The Nigeria Labour Congress (NLC) has voiced its strong opposition to the six per cent stamp duty on tenancy and lease agreement in the country; and rejected the new policy by the Federal Government through the Federal Inland Revenue Service (FIRS).
Describing the six per cent tenancy and lease stamp duty policy as boldly insensitive, the NLC said it expected its reversal and called on the Federal Government and the FIRS to immediately rescind the harsh fiscal measure.
The NLC President, Comrade Ayuba Wabba, said the congress condemned the six per cent stamp duty, saying that the policy would worsen the deplorable situation faced by Nigerian workers most of who are tenants.
Wabba said: “This new financial burden on poor Nigerians comes at a time when the socio-economic pressure arising from COVID-19 dislocations is pushing many Nigerians beyond the limits.

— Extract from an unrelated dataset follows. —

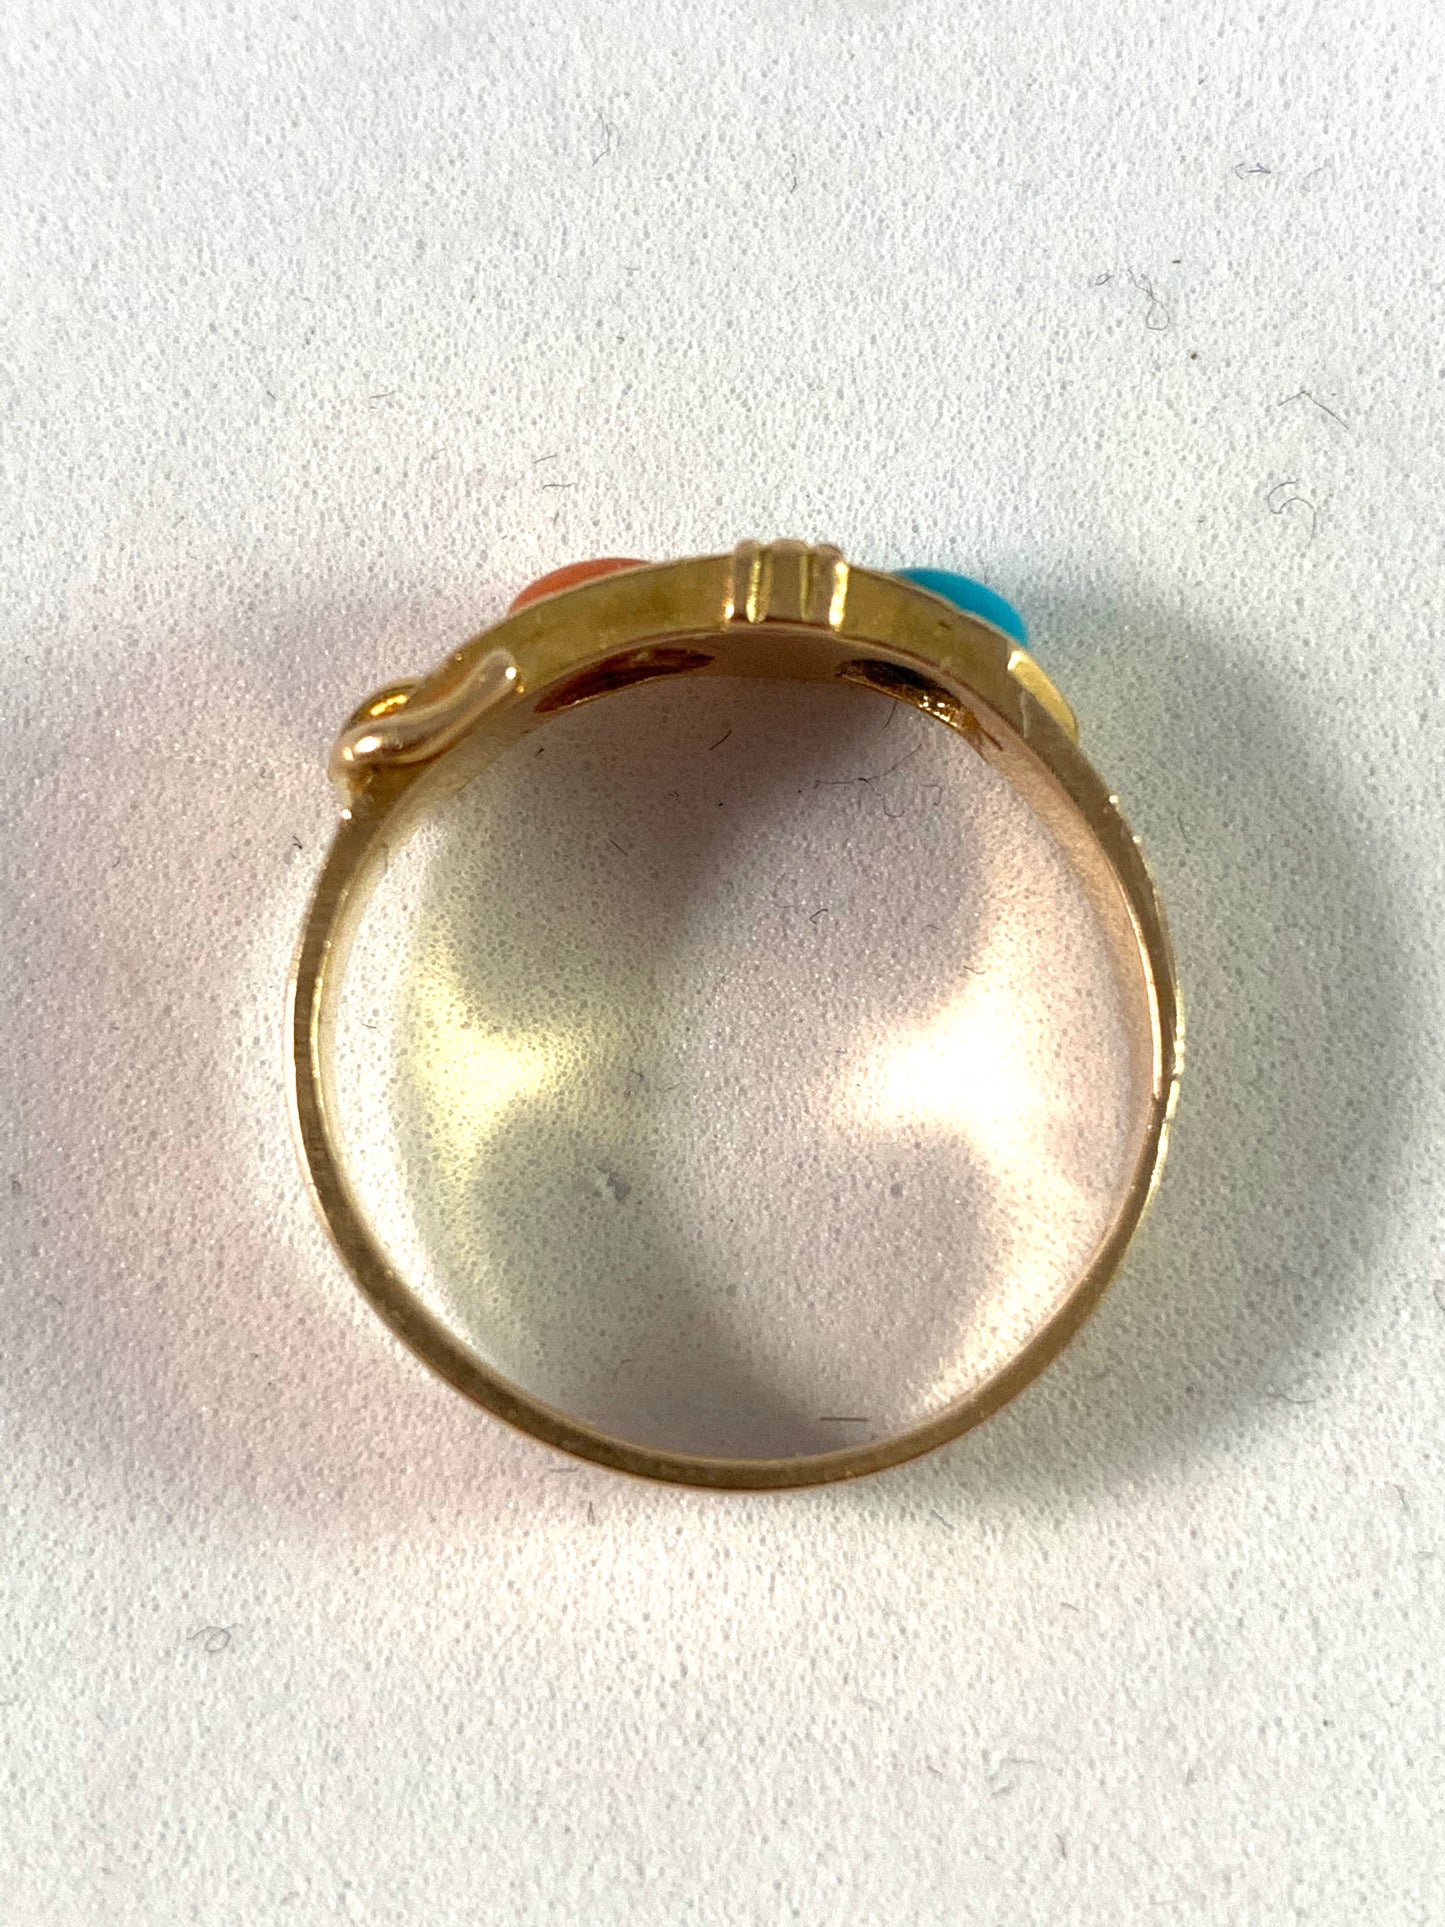 London 1861 Victorian 15k Gold Coral Turquoise Belt Buckle Ring.

“The Nigeria Labour Congress rejects this new stamp duty policy on rents and leases as it would worsen the deplorable situation faced by Nigerian workers most of who, unfortunately, are tenants. It is also alarming that we are having a rash of hike in taxes and user access fees when other countries are offering palliatives to their citizens.
“We call on the Federal Government and the Federal Inland Revenue Service to rescind this harsh fiscal measure as it is boldly insensitive to the material condition of Nigerians which has been compounded by the COVID-19 health insurgency. Nobody would want to be a tenant if they had an alternative.
“This means that tenants, which this new policy targets, are some of the most vulnerable people in our society. It would be illogical, insensitive and inhumane to churn out laws that make our poor go to bed at night with tears in their eyes.
“The principle of public taxation, especially progressive taxation, all over the world is that the rich subsidize for the poor. Every tax policy that would be enforceable must create a safety net for the poor. Recent policies of government indicate otherwise.
“Accommodation is a fundamental right guaranteed by Nigeria’s constitution. It is unimaginable that tenants who are in the most vulnerable group would be expected to pay six per cent tax for accommodation when sales tax is 1.5 per cent. This is indeed a great injustice against the Nigerian poor.”
It added: “While we expect the reversal of the six per cent tenancy and lease stamp duty policy, we remind the government that its highest responsibility is to ensure the security and welfare of every Nigerian. It is a social contract. It is a sacred duty.”